With DNNL_VERBOSE enabled, is OpenVINO recreating the resource or is it getting oneDNN cache hits? Some frameworks have their own caching mechanisms

It seems the issue could be reproduced via benchdnn without OpenVINO.

ACL build command:
scons neon=1 opencl=0 openmp=0 cppthreads=1 os=macos data_layout_support=all arch=arm64-v8.2-a build=native --jobs=8 os=macos build=native compiler_cache=ccache compiler_prefix="/Library/Developer/CommandLineTools/usr/bin/" --silent fixed_format_kernels=True

onednn configure command (run in onednn root dir):
ACL_ROOT_DIR=$PWD/../ComputeLibrary cmake -B build -DCMAKE_BUILD_TYPE=Release -DDNNL_USE_ACL=ON -DCMAKE_RULE_MESSAGES=OFF -DACL_LIBRARY=$PWD/../ComputeLibrary/build/libarm_compute.dylib -DACL_CORE_LIBRARY=$PWD/../ComputeLibrary/build/libarm_compute_core.dylib -DACL_GRAPH_LIBRARY=$PWD/../ComputeLibrary/build/libarm_compute_graph.dylib

benchdnn build command:
cmake --build build --target benchdnn --parallel 7

The reproducer:
DYLD_LIBRARY_PATH=$PWD/../ComputeLibrary/build ./build/tests/benchdnn/benchdnn --mode=P --conv --reset --allow-enum-tags-only=0 --engine=cpu --dir=FWD_B --alg=direct --dt=f32:f32:f32 --stag=acdb --wtag=any --dtag=acdb --attr-scratchpad=user mb1_ic1280oc1001_ih1oh1kh1sh1dh0ph0_iw1ow1kw1sw1dw0pw0

On M2 Pro I've got min(ms):0.255333 avg(ms):0.357945 on ACL SHA c5ab4df0c11dc66db47f2070edc719923af3367e and min(ms):0.042875 avg(ms):0.0624329 on SHA 4a9dbedfbfa66c2612c7461e60cd867b8aea825b.

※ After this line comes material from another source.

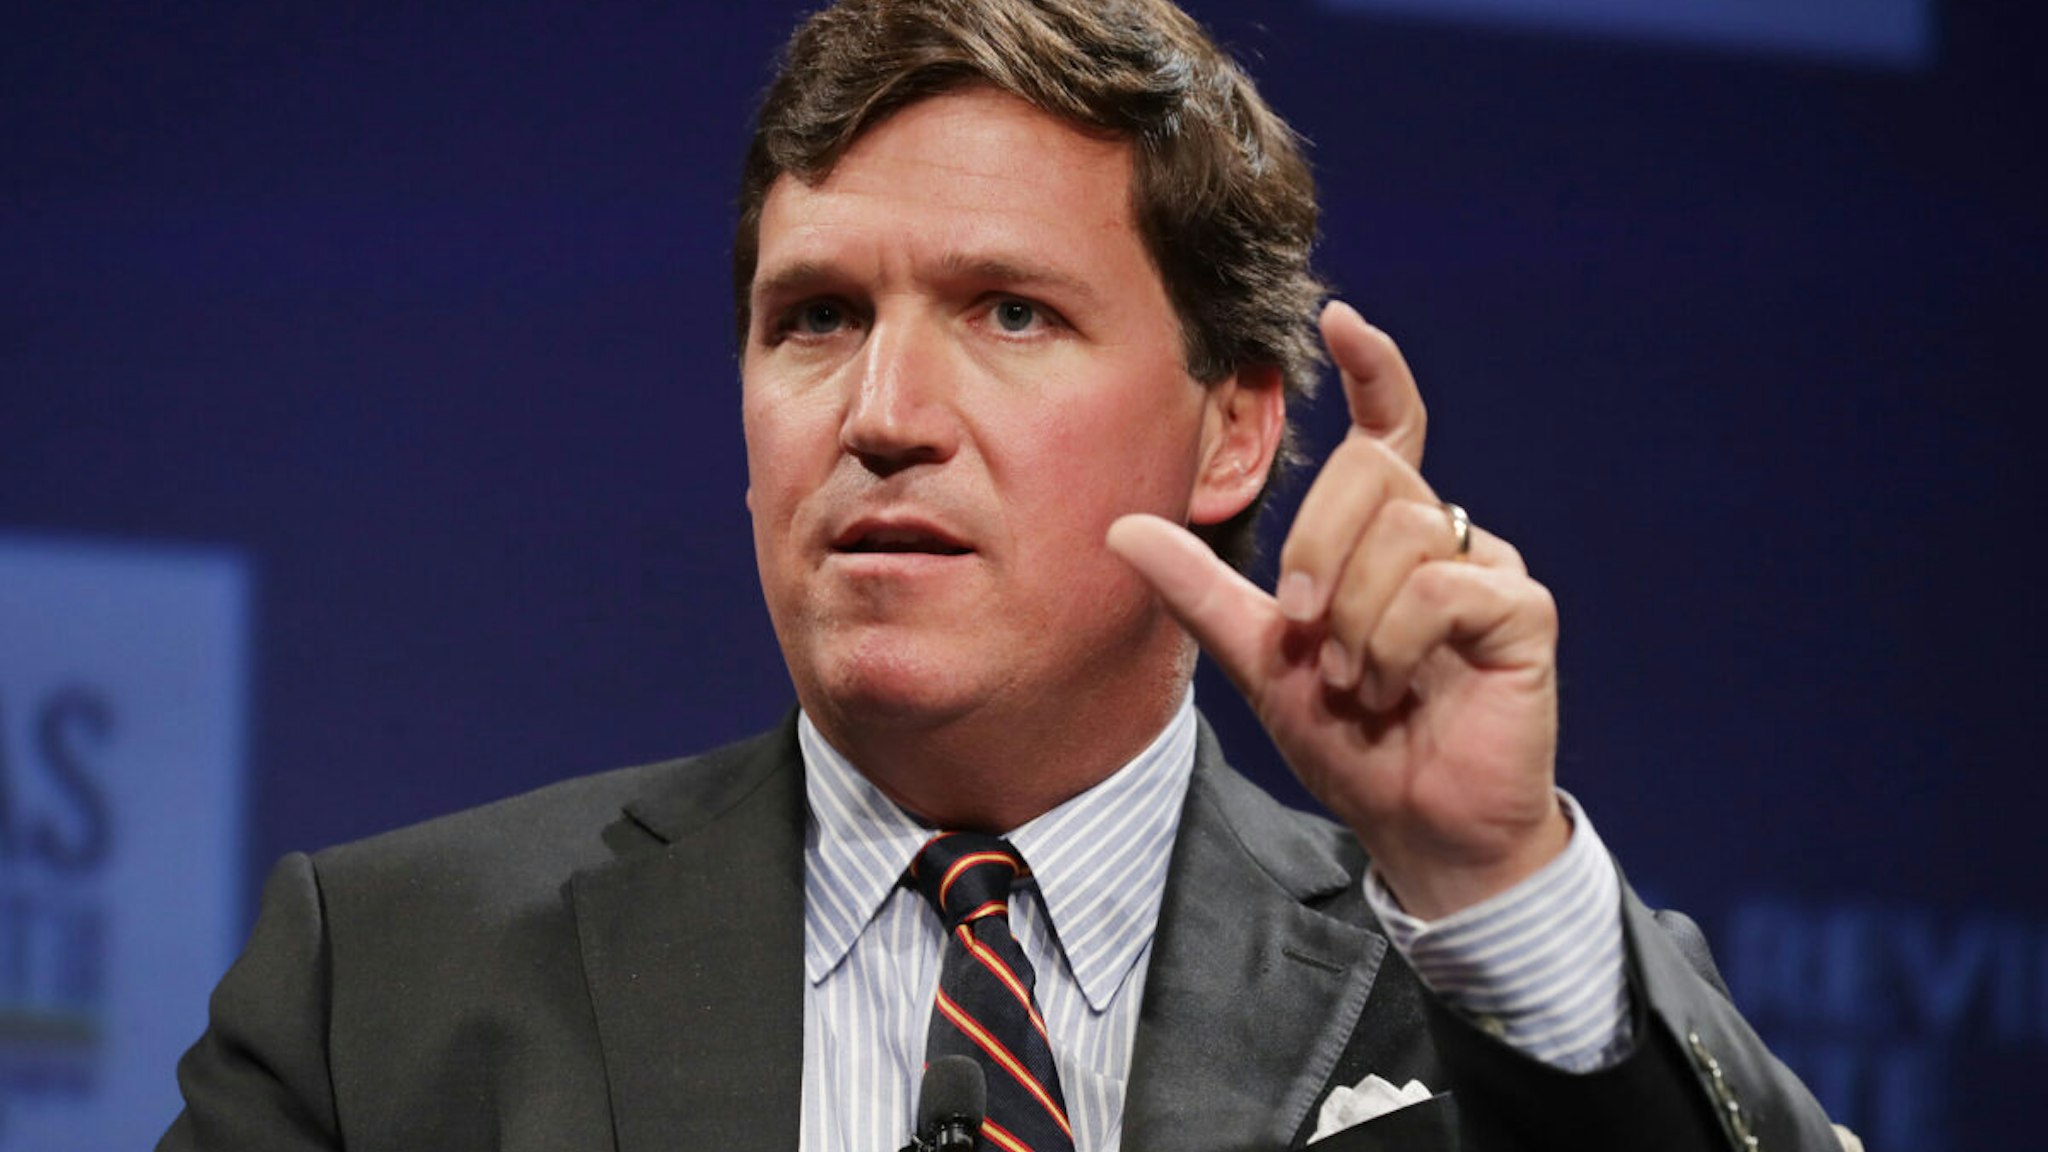 Fox News host Tucker Carlson discusses 'Populism and the Right' during the National Review Institute's Ideas Summit at the Mandarin Oriental Hotel March 29, 2019 in Washington, DC.

@morgolock could you please try to repeat these steps?

UPD:
Couple comments:

  1. Please take oneDNN fork that is used by OpenVINO: https://github.com/openvinotoolkit/oneDNN (SHA - 4e29b771fcdfab5bdb219a495e694d6206e52b67)
  2. You need to apply 2 small changes to oneDNN to adopt new version of ACL: openvinotoolkit/oneDNN@19bb9f2...d76046a
  3. I reproduced the issue using benchdnn on Mac M1 mini: total perf: min(ms):0.273542 avg(ms):0.309104 on c5ab4df0c11dc66db47f2070edc719923af3367e and total perf: min(ms):0.0366251 avg(ms):0.0638425 on 4a9dbedfbfa66c2612c7461e60cd867b8aea825b

Hi @alvoron

Thanks for reporting this performance regression and providing so much detail.

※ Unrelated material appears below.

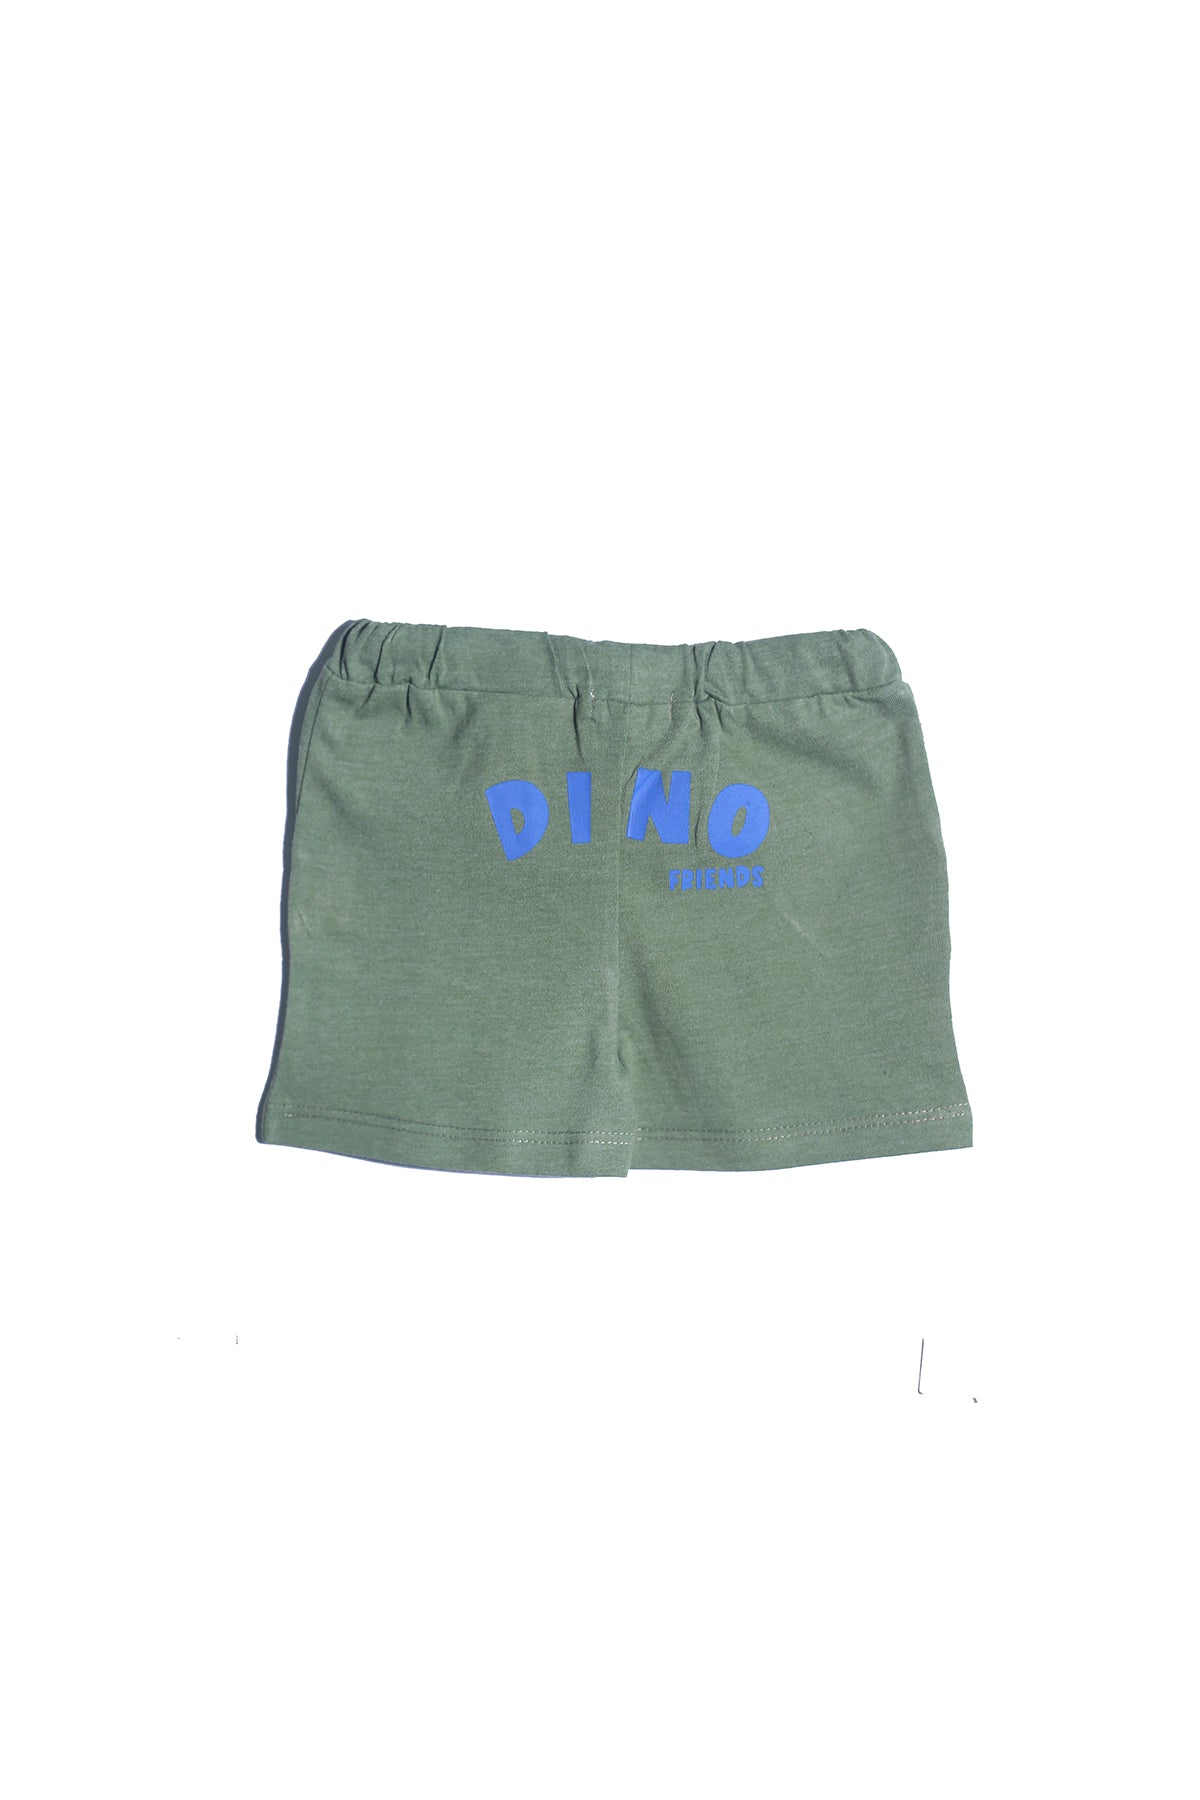 Shorts (Pack Of 2) (IBSP-063)

We have merged a patch fixing the problem into the main development branch and we will do a patch release of 24.02 including the fix mentioned above.

Hope this helps

Hi @alvoron

Closing this as it was fixed in 24.02.1

Please reopen if you require further assistance.